Un suceso acontecido en 2012 nos hizo ver blanco sobre negro hasta qué punto la violencia difusa que había emergido en el seno mismo de los territorios, comenzaba a apuntar contra las organizaciones sociales. Sucedió el treinta de agosto de ese año en el asentamiento Pico de Oro de Florencio Varela. Allí una banda dedicada al narcomenudeo planeó una pseudopueblada contra Alberto Spagnolo, el viejo amigo de Icki. Lo calumniaron sin ningún fundamento y le quemaron la casa que habían levantado con sus propias manos. Alberto salvó su vida de milagro. Y aunque la reacción colectiva fue contundente, así como las represalias contra los criminales y los policías que los amparaban, el núcleo de la organización decidió abandonar el barrio y radicarse en otra zona, en busca de mejores condiciones para recrear el proyecto colectivo. Para algunos, el costo de ceder el territorio fue demasiado alto. Para los protagonistas se trataba de elegir entre una dinámica de enfrentamiento y fricción constante, cuya escalada resulta por definición impredecible; o recomenzar desde cero, sobre bases más sólidas.
Desde aquel invierno de 2012 los casos de agresión se multiplicaron, en las ciudades y en el universo rural.

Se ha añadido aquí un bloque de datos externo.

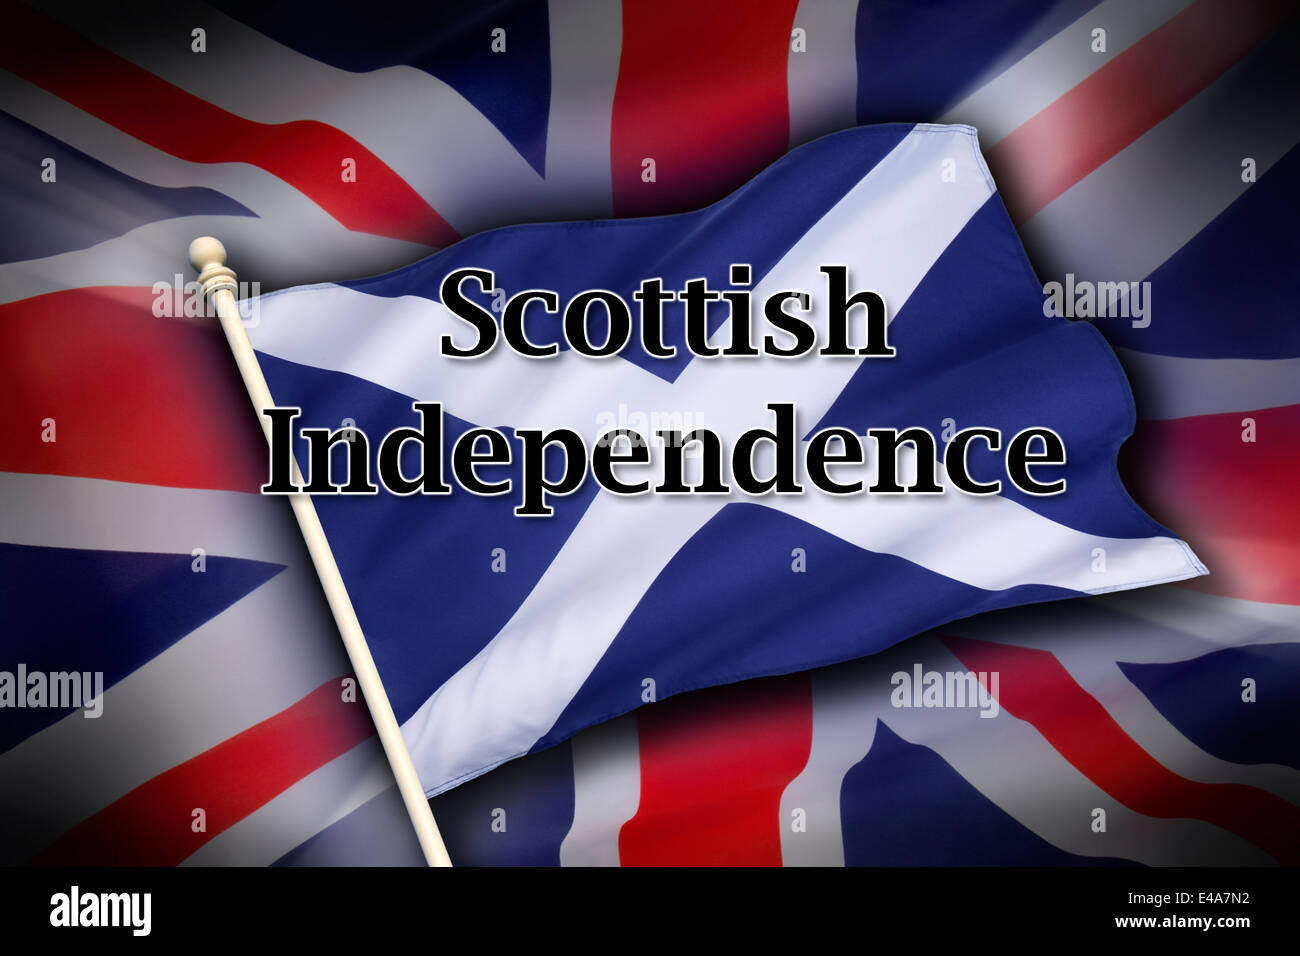 La bandera del Reino Unido (la bandera de la Unión) y la bandera de Escocia - Independencia Escocesa Foto de stock

A esta altura tiendo a creer que sin una hipótesis fiable acerca de cómo defenderse de las bandas parapoliciales que pululan en las periferias, la construcción de poder popular se torna casi un espejismo. Se trata de un dilema omnipresente, y no existen aún soluciones confiables. Icki y sus compañeros reaccionaron de un modo opuesto al ensayado por Neka, Alberto y los suyos. En Celina redoblaron la apuesta, mientras en Varela decidieron cambiar de pantalla. En la mayoría de los casos no llega a elegirse ninguna de estas dos opciones, y se padece una convivencia implícita, más o menos inestable, con los sujetos armados de la criminalidad.
En la vibrante ceremonia de despedida a Icki, un cántico revoloteó insistente: “ya vas a ver, las balas que vos tiraste van a volver”. Nadie cree que ese sea un recurso posible. Mas bien suena como el típico remedio que empeora la enfermedad. Digamos que es parte del folcklore, a falta de nuevas palabras para nombrar la violencia que nos devora. Pero lo contrario tampoco es verosímil: nunca el pacifismo lelo ha sido un antídoto eficaz contra las arremetidas del poder y sus matones.
Poner en el centro de nuestras preocupaciones la defensa de las comunidades y de la vida frente a este tipo de ataques mortíferos, para encarar los grandes desafíos políticos que vendrán, es un homenaje posible a ese gran chabón que fue Icki. El guerrero de Celina.